RNA Splicing part more detail
Two benefits of splicing
While no one believes that RNA splicing evolved because of these benefits, these are real benefits organisms now enjoy because of it.
- Alternative splicing: Not all the exons are included when splicing of specific mRNAs takes place. Different versions of the mRNA may be formed. In the example I gave earlier, exons 1, 3, and 4 could all be joined up in sequence, or, all 4 could be linked. This results in different versions of the protein, with different functions. The domain structure of proteins makes this possible. NOTE: you do not alter the order of the exons when this is done
- Exon shuffling: Also because of the domain structure of proteins, it is possible to add exons to genes via recombination and create different versions of the protein. Any chunk of DNA that has portions of introns on its ends that then is recombined (at the DNA level) into another intron will do no damage to an existing gene (It can be spliced out at the mRNA level). But, it also provides the possibility, through alternative splicing, to evolve proteins with new functions.
Spliceosome: (there’s a good descriptive name) It’s the assembly of proteins and RNA that carry out splicing.
snRNPs (pronounced “snurps”). These are “small nuclear ribonuclear proteins.” They are the components of the spliceosome.
snRNAs: small nuclear RNAs are the main catalytic components. It is the RNA that carries out the reaction. They have names like “U1,” and “U2.” etc.
Self Splicing:
The story about how RNAs got spliced became more obvious when self-splicing RNAs were found. I mentioned these today.
The general reaction looks like this:
There are two, successive trans esterification reactions that occur in a concerted way and use energy from an additional GTP that is brought in by the complex. The first takes a branch point sequence near the 3' end of the intron. The 2' OH of that branch point attacks the 5' exon/intron boundary. This splices the intron into a lariat and frees the 3' end of the exon, which then attack the 5' end of the next exon, resulting in the spliced exons and a lariat structure of the intron.

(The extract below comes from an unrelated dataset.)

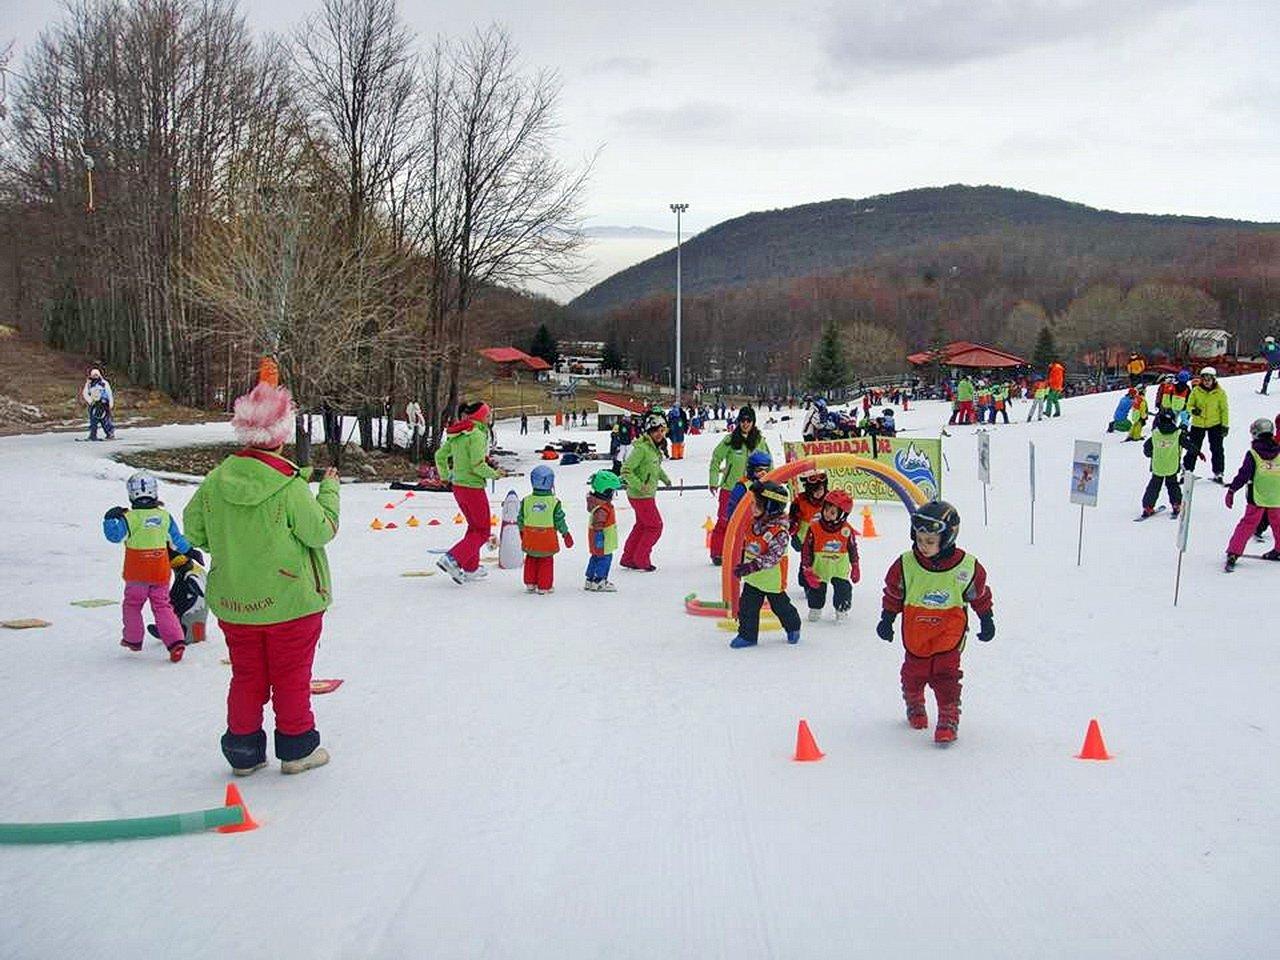 skiteam.gr-ski-academy-thessaloniki-2nd-weekend-18-19-january-2015-3-5-pigadiai-03

In the self-splicing form, “internal guide sequences” form base-paired structures that hold the players together and facilitate the attacks (which usually involve that 2' OH in an intermediate).
You can see below how the stem-loop structures formed using base pairs, then can fold into three-dimensional structures, facilitating catalysis. Yes, I know, it should have been obvious.
You can see how the base pairing can be used to bring the active sites together in more detail here. By the way, these last two images are used without permission. The one below is from the Molecule of the Month blog/discussion and the one above is from Trends in Ecology and Evolution.
Normal mRNA splicing (non self-splicing)
The story is not all that different in the splicing of mRNA. There are guide sequences and a branch-point lariat. The chemistry varies a little as to who attacks whom when and where. But, the main difference is that the sequence of the intron is not that important for the structure to work. Instead of the intron folding into a complex structure, the separate RNAs in the snRNPs form those structures and then bind the specific sequences in the intron and at the intron-exon borders.